The problem is now, that one added image changes the ETag of the group call and you need to transfer the complete set again altough only one image has changed:
GET /images?car=mustang&viewangle=front
If-None-Match "aaaaaa"
...
HTTP 1.1 200 OK
ETag "bbbbbb"
data:image/png;base64,a123456....
data:image/png;base64,b123456....
data:image/png;base64,c123456....
data:image/png;base64,d123456....
data:image/png;base64,e123456....
data:image/png;base64,f123456....
In this case the best solution would be that you separate the resources data from the group call. So the response includes only information for sub-requests:
GET /images?car=mustang&viewangle=front
...
HTTP 1.1 200 OK
ETag "aaaaaa"
a.jpg
b.jpg
c.jpg
d.jpg
e.jpg
By that every sub-request can be cached separatly:
GET /image/?src=a.jpg
If-None-Match "Akj5odjr"
...
HTTP 1.1 304 Not Modified
Statistics
- First request = 6x 200 OK
- Future requests if group unchanged = 1x 304 Not Modified
- Future requests if one new resource has been added = 2x 200 OK, 5x 304 Not Modified
Now I would tune the API documentation. This means the requester must check if a cache of a sub-request is available before making a call to it.

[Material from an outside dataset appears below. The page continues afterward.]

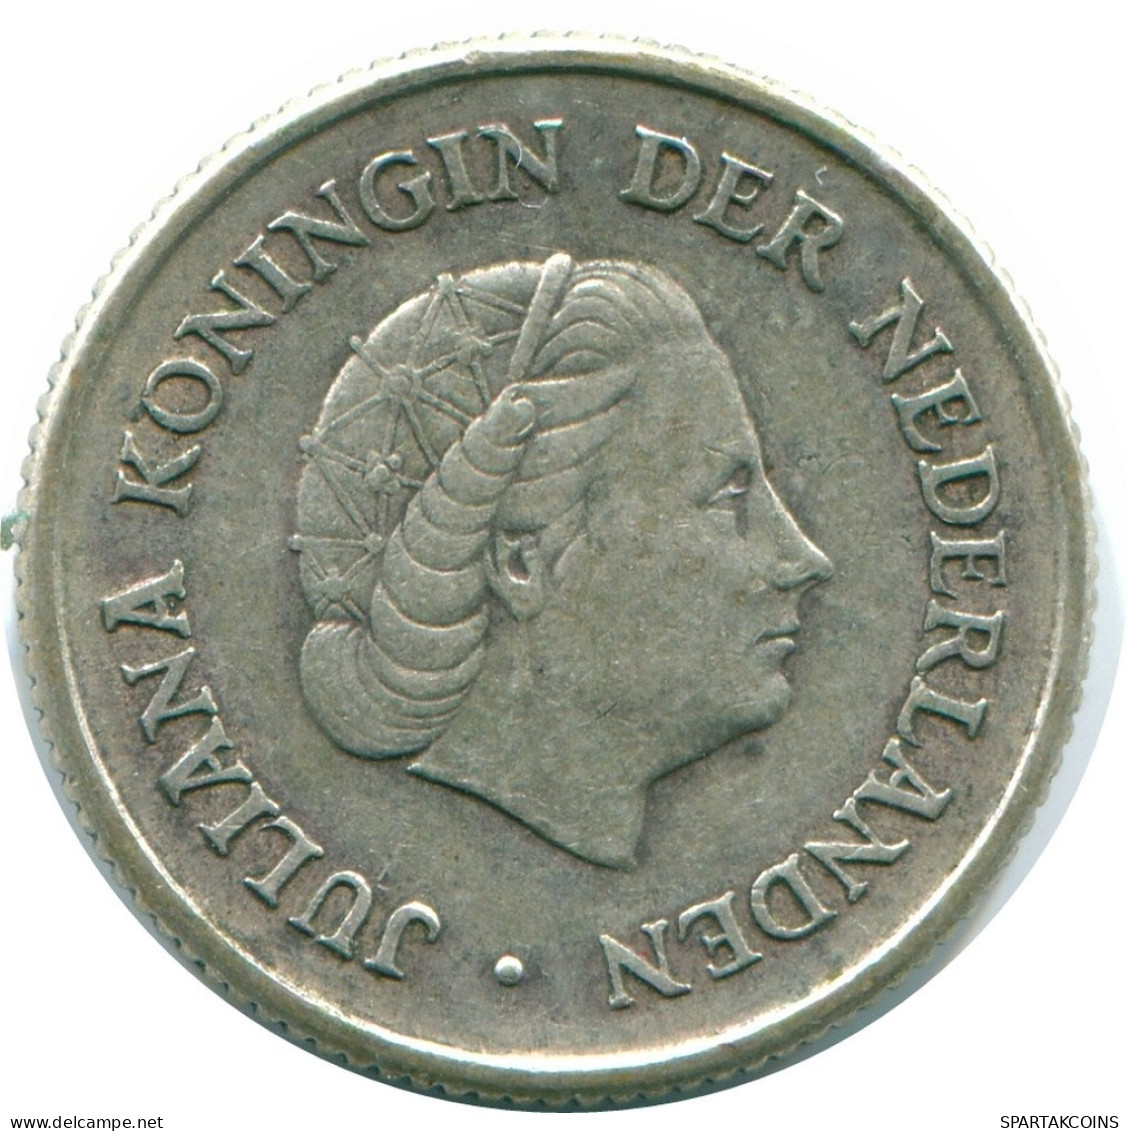 1/4 GULDEN 1967 NIEDERLÄNDISCHE ANTILLEN SILBER Koloniale Münze #NL11525.4.D.A - Netherlands Antilles

This could be done by providing the ETags (or other hash) in the group request:
GET /images?car=mustang&viewangle=front
...
HTTP 1.1 200 OK
...
ETag "aaaaaa"
a.jpg;AfewrKJD
b.jpg;Bgnweidk
c.jpg;Ckirewof
d.jpg;Dt34gsd0
e.jpg;Egk29dds
f.jpg;F498wdn4
Now the requester checks the cache and finds out that a.jpg has a new ETag called Akj5odjr and f.jpg;F498wdn4 is a new entry. By that future requests are reduced:
Statistics
- First request = 6x 200 OK
- Future requests if group unchanged = 1x 304 Not Modified
- Future requests if one new resource has been added = 2x 200 OK
Conclusion
Finally you need to think about if your resources are big enough to put them in sub-requests and how often one requester repeats bis group request (so the cache is used). If not, you should include them in the group call and you do not have room for optimization.
P.S. you need to monitor all requesters to be sure all of them use caches. A possible solution would be to ban requesters calling an API URL two or more times without sending an ETag.